Some people apply for and win a job, only to find a short time into the role there’s a voice inside that says, “Well, this is it. This is what my education and experience has brought me to unless I make another change”. These are not words of comfort. These are words expressing dissatisfaction, perhaps bitterness and resentment.
One wonders then why someone would even apply and further accept, a position which was far below what they want; far below what they would otherwise consider. Maybe if you’re identifying with this situation, you’re reflecting back yourself at this very moment on a time in your own life when you took a job that if truth be told, you felt beneath you. You know your reasons at the time.
It’s fair to say that the reasons behind making such a move must be powerful enough or otherwise no one would do so. I’ve met more people than you might guess who have done exactly this; taken a job and worked in it for a time when it’s not made use of their full set of skills and not brought them happiness or fulfillment.
Sometimes it’s a case of having exhausted all their savings and needing a job to survive. Sometimes it’s an older worker in their late 50’s or early 60’s who has been rejected over and over again; their self-confidence obliterated and yet still feeling the need to contribute. In other words, desperation sometimes can cause us to make decisions and do things we would never have thought possible of ourselves.
So yes, you might be a well-educated person with some impressive work history on your resume, finding yourself in an entry-level position making minimum wage, all the while answering to a Supervisor who has another couple of month’s to go before getting their high school diploma. That voice inside has verbalized more than once, “This is it? This is where we are?”
You can have many reactions to the voice in your head. You can accept the voice as a truth and agree that yes, this is where you’ve landed. But even then, you can continue with, “This is where I belong and I’m here forever”, or “This is where I am but this is only the first of many steps I’ll be taking on my way back up.”
This shouldn’t be confused with the person who reinvents themselves and moves from success in one industry to rock bottom in another but gains joy in the new job. A Business Executive might chuck it all for a potters wheel, but they might have made this move by calculation and design. I’m looking more at the person who has lost it all; who never thought they’d be where they are today and is struggling with their self-perception, their mental health and their self-worth.
When you’re in that dark and lowly place, then suddenly find yourself employed on the bottom rung of a footstool rather than a long ladder with no prospects of advancing anywhere soon, that voice in your head will likely start whispering.
Take heart my reader.
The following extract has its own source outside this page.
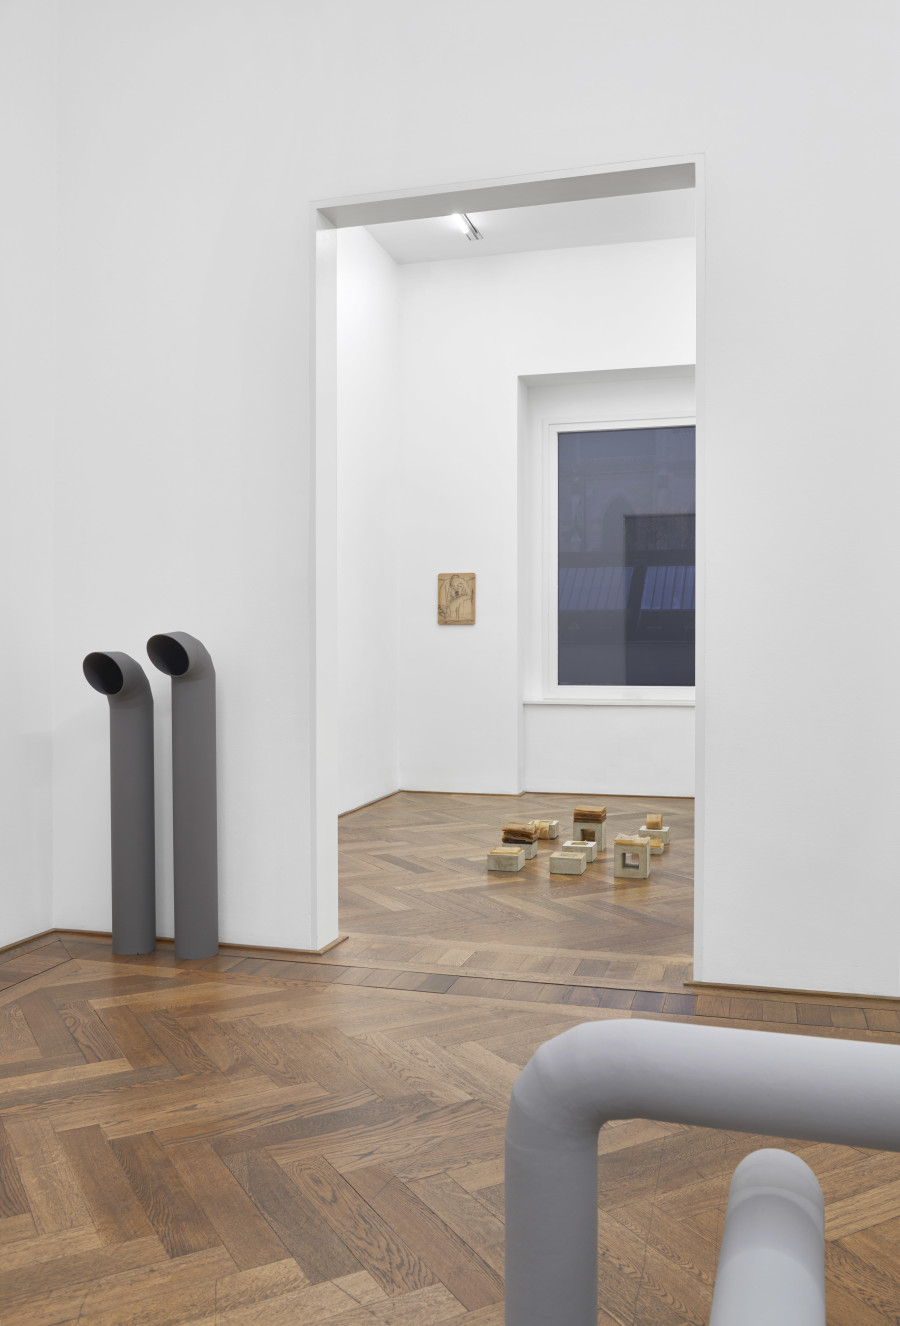 Regionale 24, Davor, danach und alles dazwischen, Kunsthalle Basel, 2023, exhibition view, photo: Philipp Hänger / Kunsthalle Basel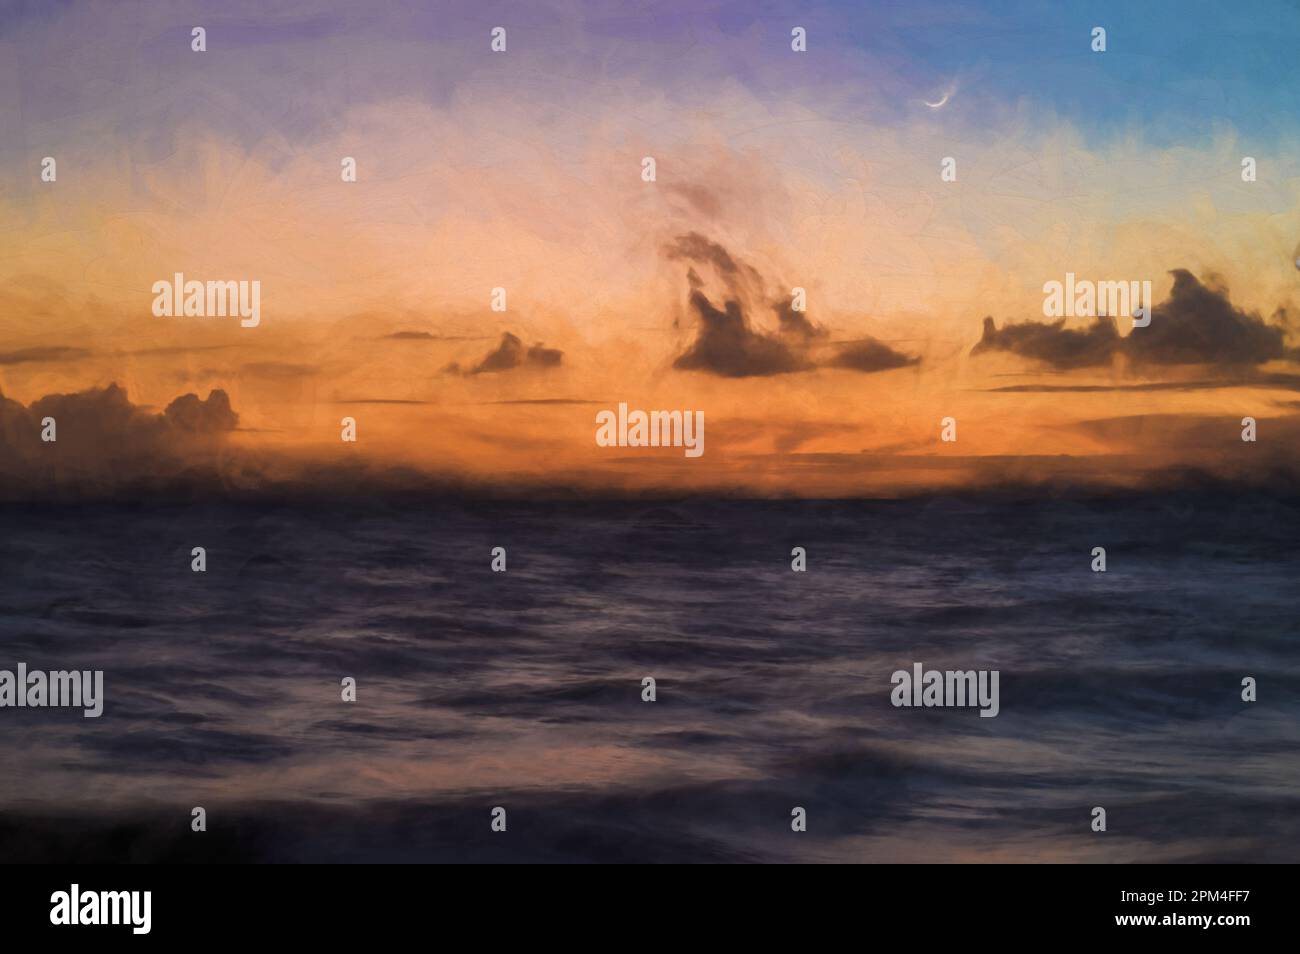 Pittura digitale di una lunga esposizione del mare all'ora d'oro, mentre l'alba comincia a rompersi su una spiaggia di sabbia bianca. Foto Stock

You remain, as you always have been, a person of worth. Sometimes, in order to be reshaped and repurposed, people – as well as things – are broken down and remade. You may yet be destined to do things from which you’ll take great pride and personal satisfaction. You, who may have measured yourself and others primarily by job title and salary, are in a period of flux; change. It’s unsettling, disruptive, chaotic and turbulent and at the same time an unwanted period of long, drawn out days with little to do.
And then along comes this job you’ve successfully obtained. It doesn’t compensate you as jobs have in the past. It doesn’t tap into your rich and diverse skills. It does fulfill your most immediate needs for the present however. It gives you a purpose, a place to be with expectations of performance. It puts you back on a clock and in a routine. It forces some new thought patterns in your brain, it stimulates thinking and reintegrates people to your daily life. And yes, it does provide some compensation, giving you perhaps a whole new appreciation for jobs and the people in them that you previously took for granted.
You may find your mental health somewhat improved and your self-worth slowly rebuilding. Gratitude might be coming to mean so much more to you than in times past, and if there are people standing with you to help you through this low point in your life, you might find yourself humble enough to tell them just how much they mean to you. You might be emotionally charged and quick to tears.
You can be sure I’m recalling the stories, faces and anguish of many people over the years I’ve met and worked with in the lowest parts of their lives as I write this. But take heart and have hope! Yesterday I received a short note of thanks from just such a person. In 3 short years, he’s resurrected a career, paid off school and car loans and is saving $2,000 a month. Wow!
Yes, there is hope. You are deserving of happiness and fulfillment. You are so much more than the person that voice would have you believe.